Determining the shape of an object while inside it is a non-trivial task
Distance measurements are vital to piece together the shape of the Milky Way
Parallax measurements cover a very tiny portion of the Milky Way, and thus other methods are necessary
- Main sequence fitting
- Cepheid variables have their brightness fluctuate in a way that is related to their luminosity
Galaxies largely form as the result of large regions of mostly hydrogen gas collapsing inwards under gravity
Galaxies come in three main “flavors”:
- Spiral Galaxies
- Elliptical Galaxies
- Irregular

Discussing Today

Evaluating classification models
Basic data prep in Python and R
Our first model: Logistic Regression
- Building, training, and testing models in Python
- Building, training, and testing models in R

Judging Classifications

Fitting vs Classification

We’ve seen several ways to fit models to data already
- Basic linear fitting
- Non-linear model fitting
- Both give a prediction of a continuous variable given some inputs
Classification is about predicting a discrete variable (or factor)

Techniques over Theory

In this class, I’m going to focus on techniques over the underlying mathematical theory
Problem-solving is often a game of abstraction, and using techniques as tools can help with that
- You don’t need to know the details of how a least-squares fit is done to make use of it
For rigorous work, you should be aware of at least the basic theory underlying a technique, at least well enough to know if you are misusing it
I am going to present the machine learning techniques in this unit in a similar, technique over theory fashion
- We have other classes if you want a deep dive into this sort of content!

Be Positive!

With regression fitting, we commonly have an idea of a residual, which measures how far from an actual value our prediction came
A similar idea won’t hold for classification, because we either correctly classified the point, or we didn’t
Instead, for a binary classification (A or B), predictions would fall into 1 of 4 different bins:
- True positive: An observation that should have been in category A, which our model predicted was in category A
- False positive: An observation that should have been in category B, but which our model predicted would be in category A
- True negative: An observation that should have been in category B, which our model predicted was in category B
- False negative: An observation that should have been in category A, but which our model predicted would be in category B

Confusion Matrix

For either binary classification or multinomial classification, a confusion matrix is often the best method to summarize model prediction results visually
Compares actual categories across one axis to predicted categories across the other
Each bin contains a count of how many observations with that actual value were predicted

Multinomial confusion matrix

Making Comparisons

Comparing just confusion matrices can be ambiguous
Which model best classified the data of the below options?

Precision and Recall

For a binary classification, there are clear methods of evaluating a model
Precision is a measure of how much you can trust the model if it claims a positive \[ \text{Precision } = \frac{TP}{TP + FP} \]
Recall is a measure of how reliably the model finds all the positive observations \[ \text{Recall } = \frac{TP}{TP + FN} \]

Accuracy

One of the simplest extensions of this to multinomial data is to use accuracy
Accuracy is a probability that, for a random observation, the predicted class is correct \[ \text{Accuracy } = \frac{\text{Diagonal counts}}{\text{Total observations}} \]
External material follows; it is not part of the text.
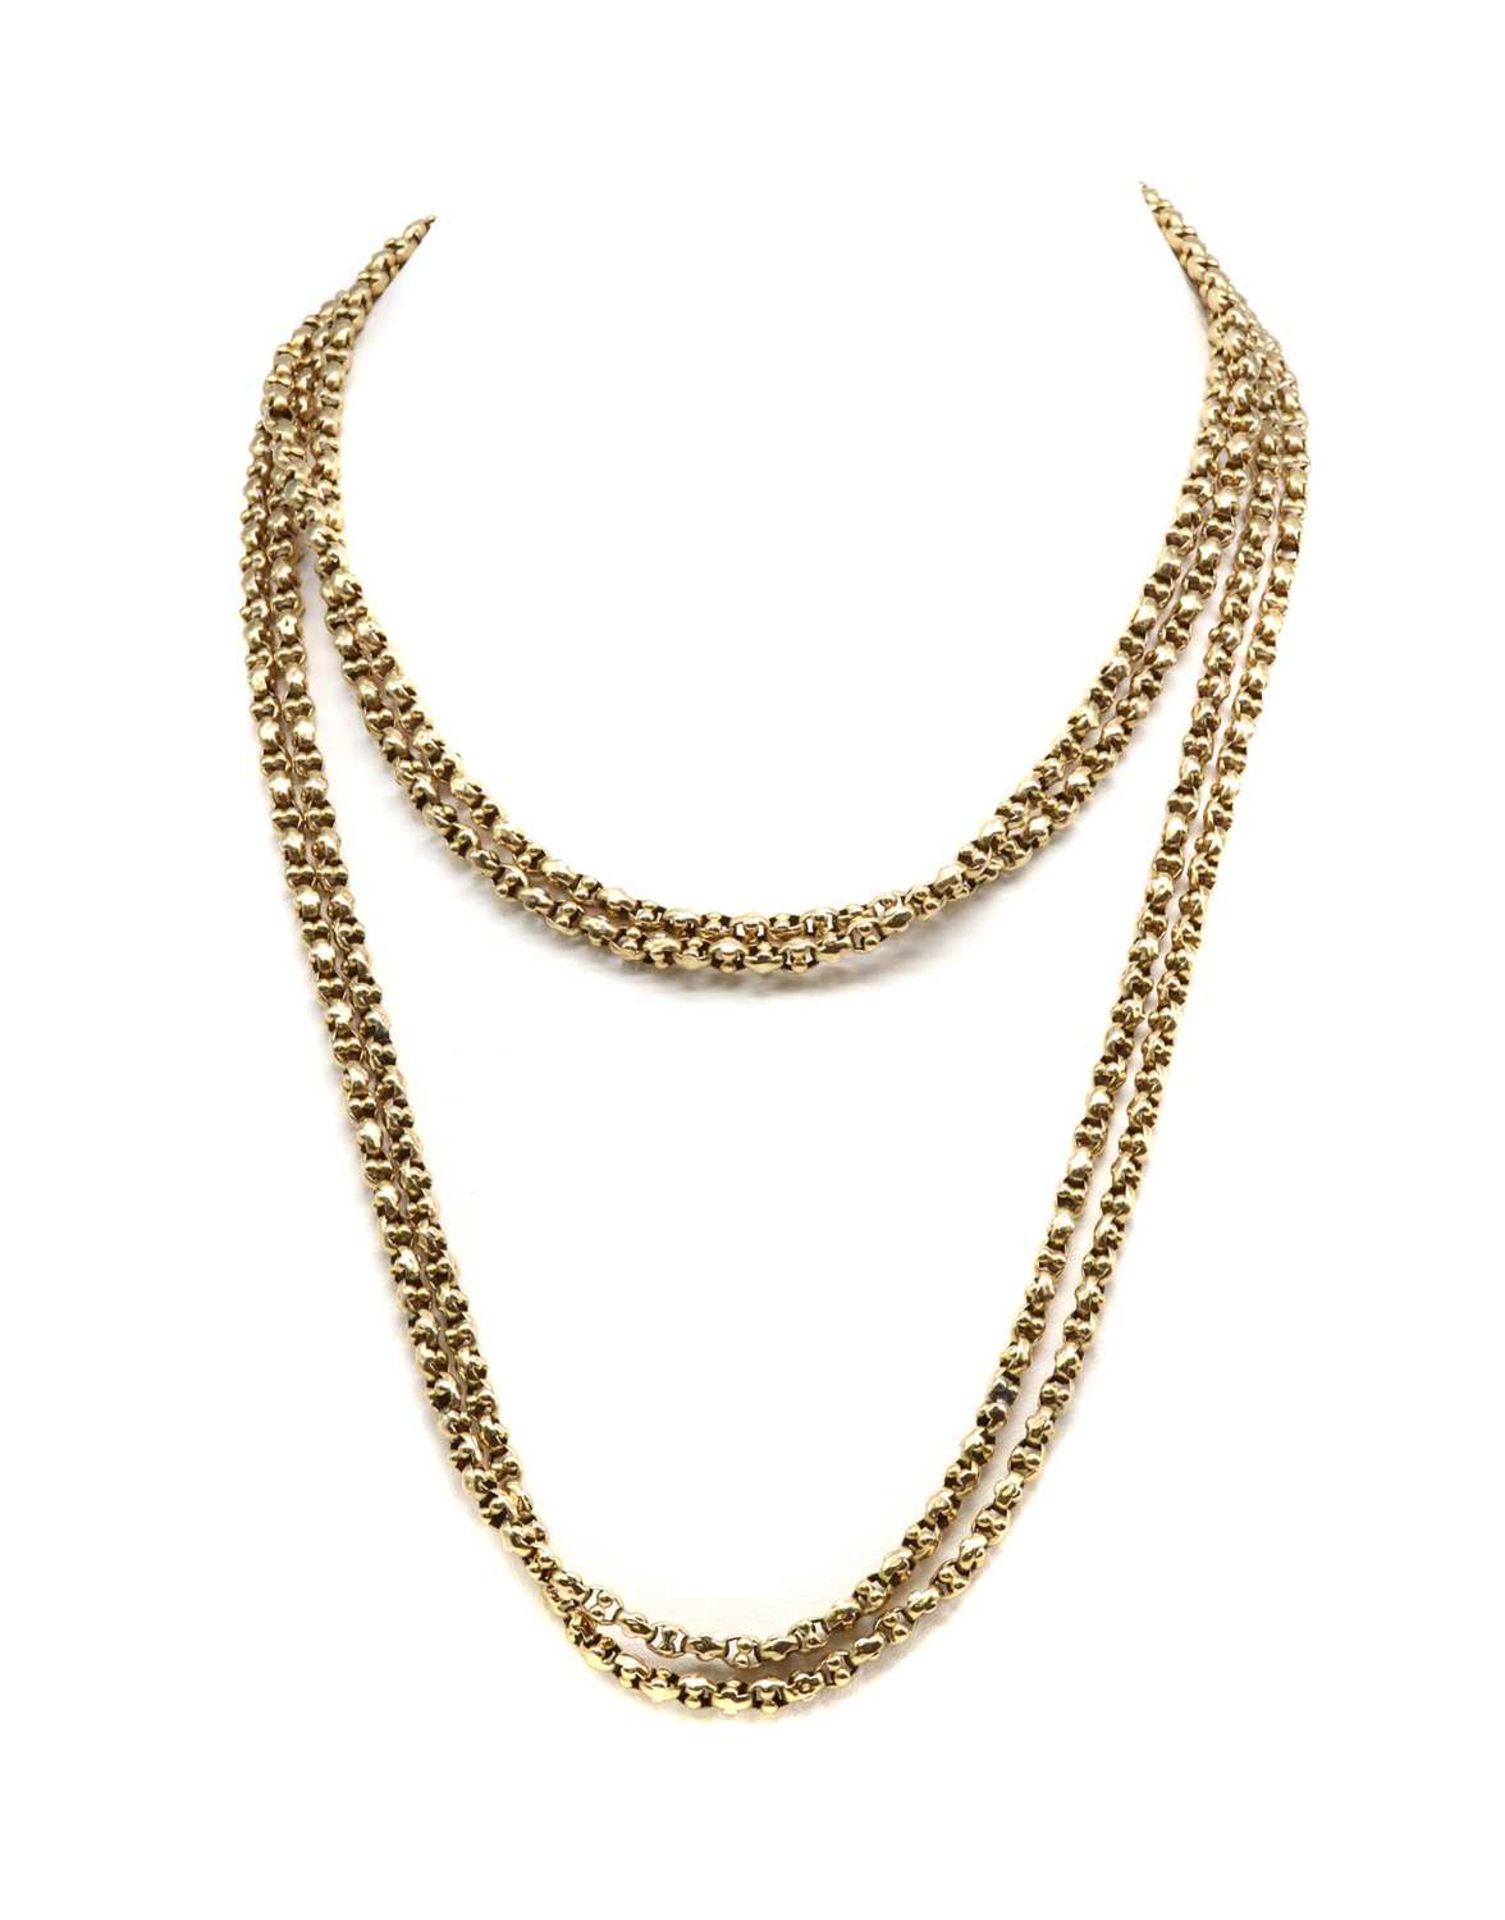 An early 20th century gold long chain,

\[\begin{aligned} \text{Accuracy } &= \frac{10 + 14 + 11}{11 + 26 + 13} \\ &= \frac{35}{50} \\ &= 0.7 \end{aligned} \]

Accuracy Issues

If your data has far more of one category than others, accuracy might hide issues
Suppose your model predicts the dominant category really well, but other categories terribly
The odds of selecting an observation from the dominant category are high, and thus the accuracy will also look high
- But you may be doing a terrible job of classifying the minority classes!
We’ll introduce some alternatives going forward, but let’s work with accuracy for the time being, despite its flaws.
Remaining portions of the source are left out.